In the past, whichever contractor got to the site first got to use the space first and other contractors had to work their way around it.
Photo courtesy South Dakota State University

Yilei Huang, assistant professor of the Department of Construction and Operations Management at a South Dakota State University (SDSU), is using a mixed reality headset to “see” where to position conduits in a commercial building.

Huang will work with an electrical contractor for the Avera Health building in South Dakota to test the new technology. The proposal is funded through the Thomas Glavinich ELECTRI International Early Career Award.

Conduits, made to protect the electrical wiring found in commercial buildings, are generally installed in tight spaces between the ceiling and the floor or roof among other building systems, such as ventilation, water, and fire protection. These conduits can often be difficult to place due to limited visibility.

With the mixed reality headset, there is no need for contractors to bring a computer or iPad to the site to compare what’s on the screen with what they see on the site itself to navigate the wires.

“Mixed reality is different than virtual reality,” said Huang. “With virtual reality, you cannot see the actual world, just the digital content. With mixed reality, you see what is in front of you plus the digital content.”

The device works by projecting a miniature 3D model of a building to the wearer allowing them to virtually view the building and move around the rooms through the back, front and sides of the structure.

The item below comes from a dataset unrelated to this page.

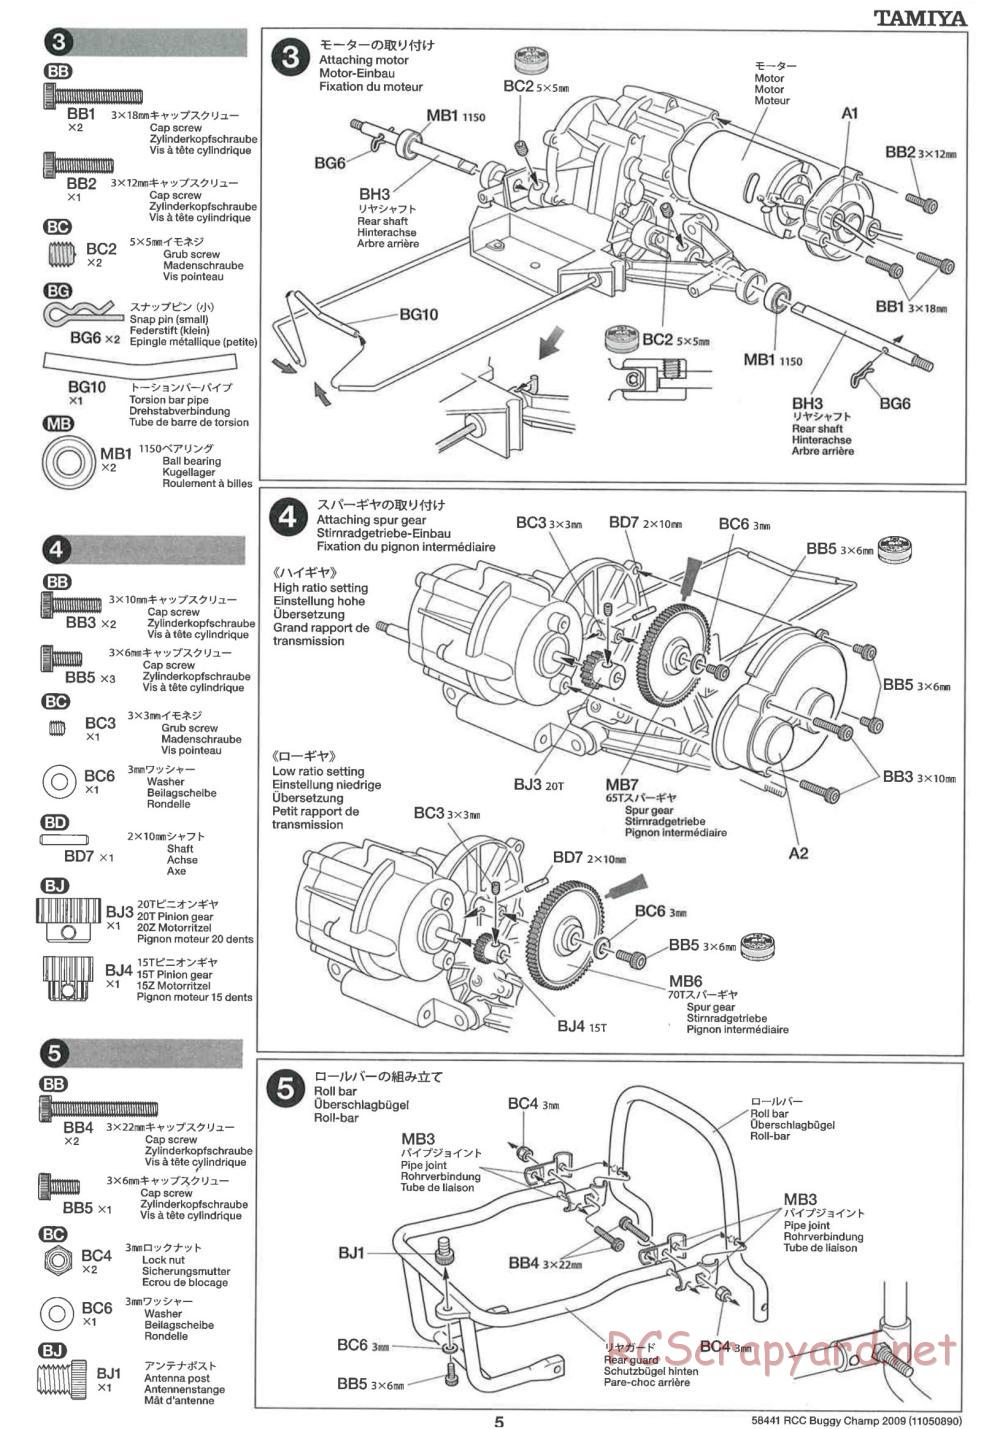 Tamiya - Buggy Champ Chassis - Manual - Page 5

The electrical conduit layout will be pulled from a 3D model of all the piping and ductwork in the new Avera building and be adapted to the mixed reality headset software. The electrical contractor will then use the device to view the electrical layout projected on the construction site to plan for the conduit installation and verify the conduits are correctly positioned.

Huang will use the experiment to collect data on how the device works in an actual site environment.